Пытаясь удержать порожний, неустойчивый грузовичок на уползающей из-под колес щебенке, Рассел изо всех сил нажал на тормоза. Машину понесло боком от обочины к обочине, и, чтобы не свалиться в кювет, Рассел выворачивал руль, как только мог. Наконец грузовик остановился — еще три ярда, и он бы переехал ноги распростертого в забытьи Тербера. Рассел вылез из кабины и уставился на два лежащих на дороге тела.

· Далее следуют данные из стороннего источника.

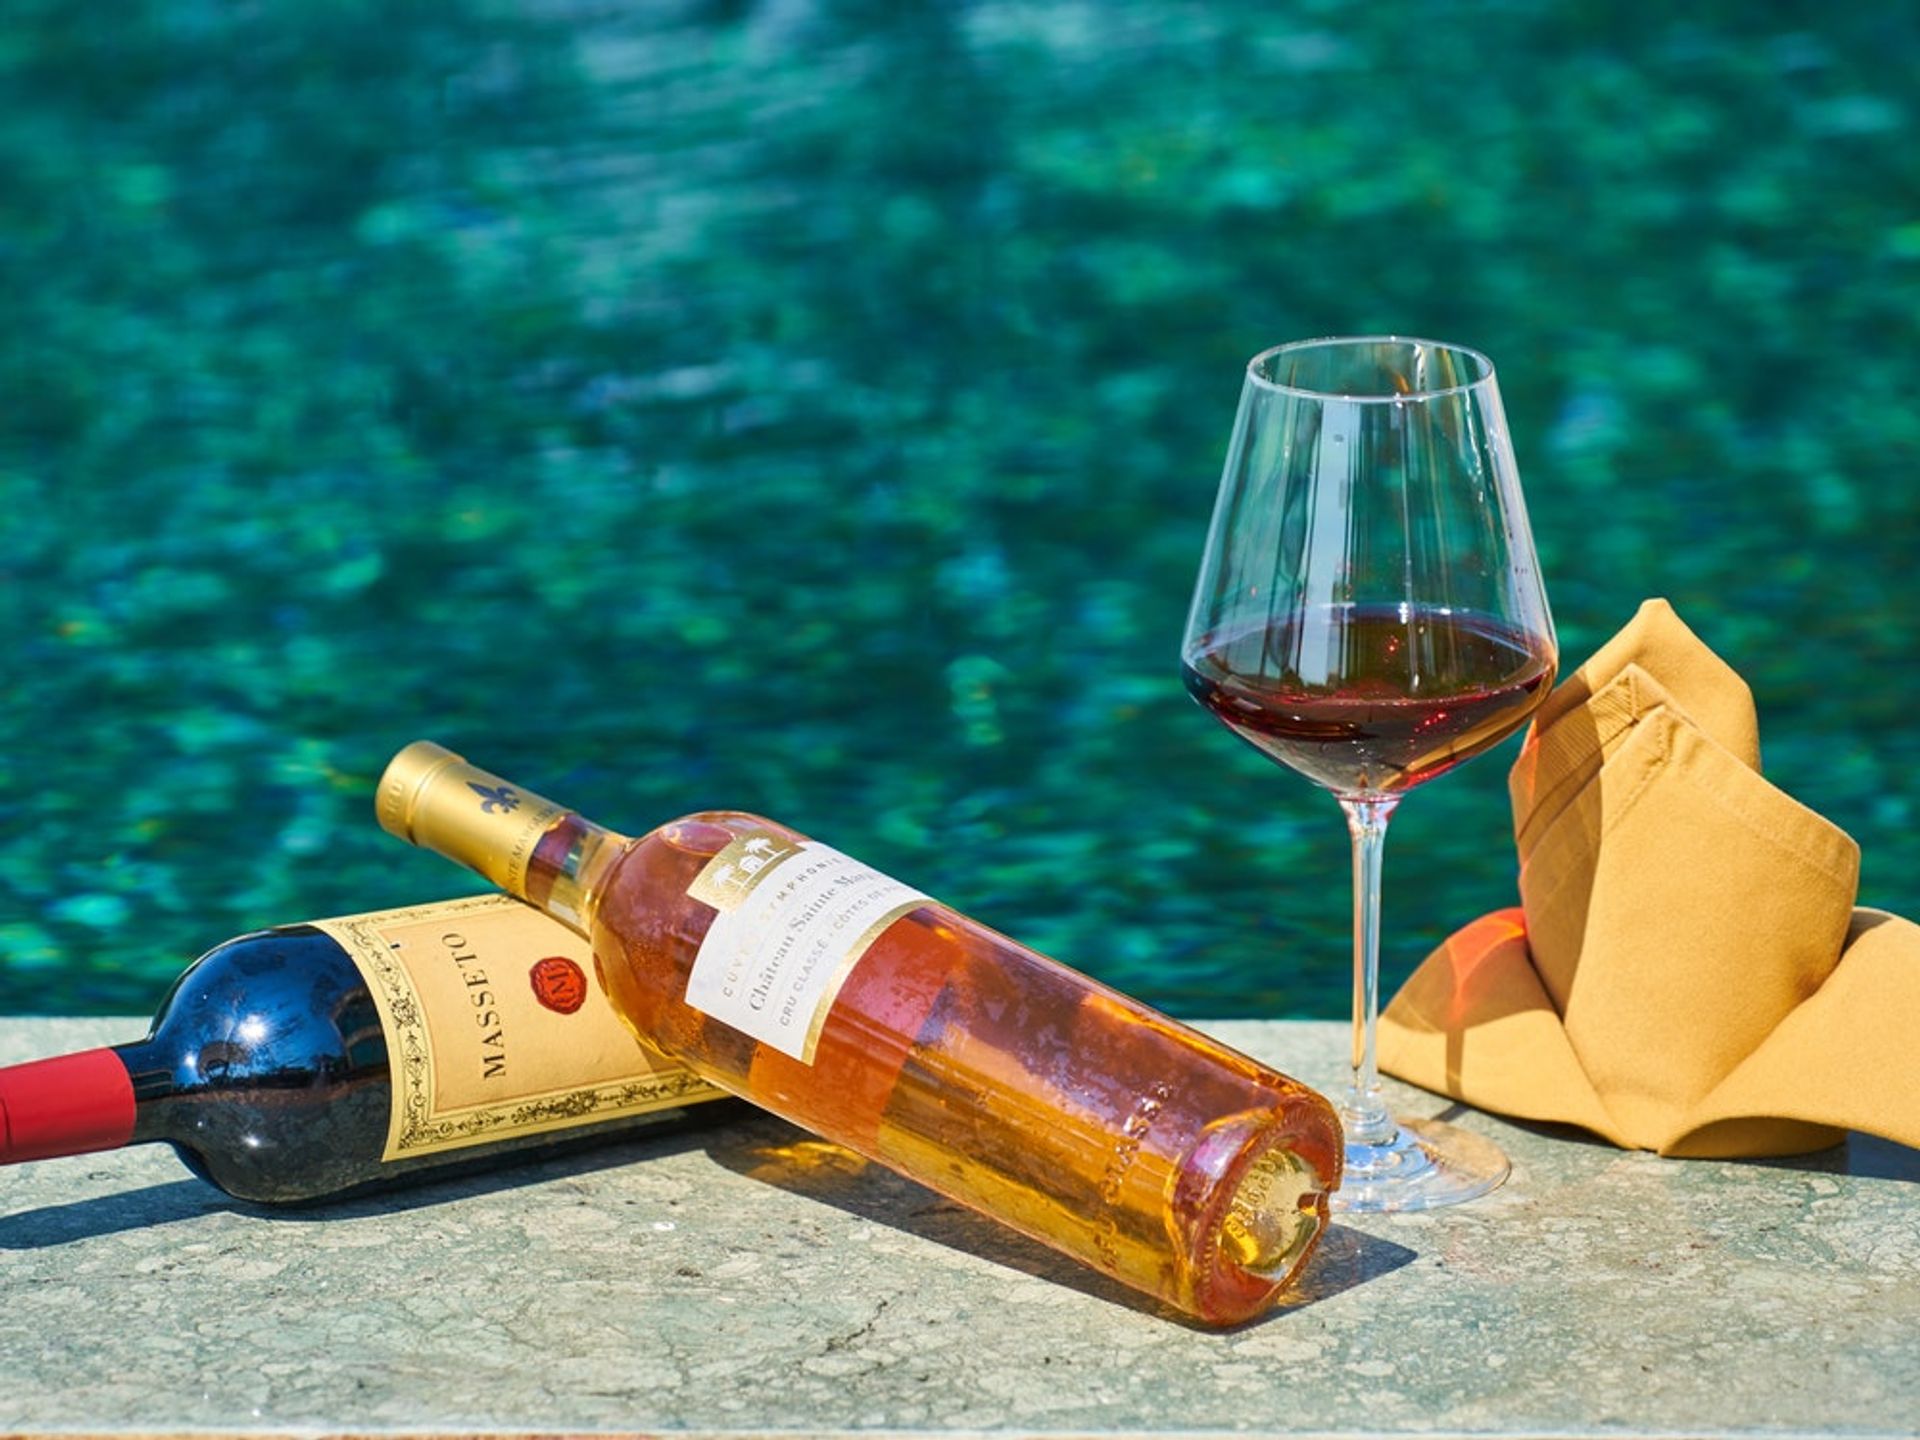 De volgende Levendig Graag gedaan Wijnliefhebbers opgelet: je kan nu drijvende wijnglazen kopen voor op het  strand - Girlscene

— Господи! — в ужасе пробормотал он. — Матерь божья!
Тербер был в полной отключке и спал непробудным сном, но Пруита ему удалось кое-как растормошить.
— Давай же просыпайся, будь ты неладен! Псих ненормальный! Вставай, хватит валять дурака. Я же вижу, что ты живой. Помоги мне загрузить этого болвана в кузов. Я должен отвезти его на КП. Если Динамит узнает, он его разжалует. Это факт.
— Ничего ему Динамит не сделает, — еле ворочая языком, сказал Пруит.
— Да? Это почему же?
— А потому. — Пруит презрительно скривился. — Где он тогда найдет себе старшину?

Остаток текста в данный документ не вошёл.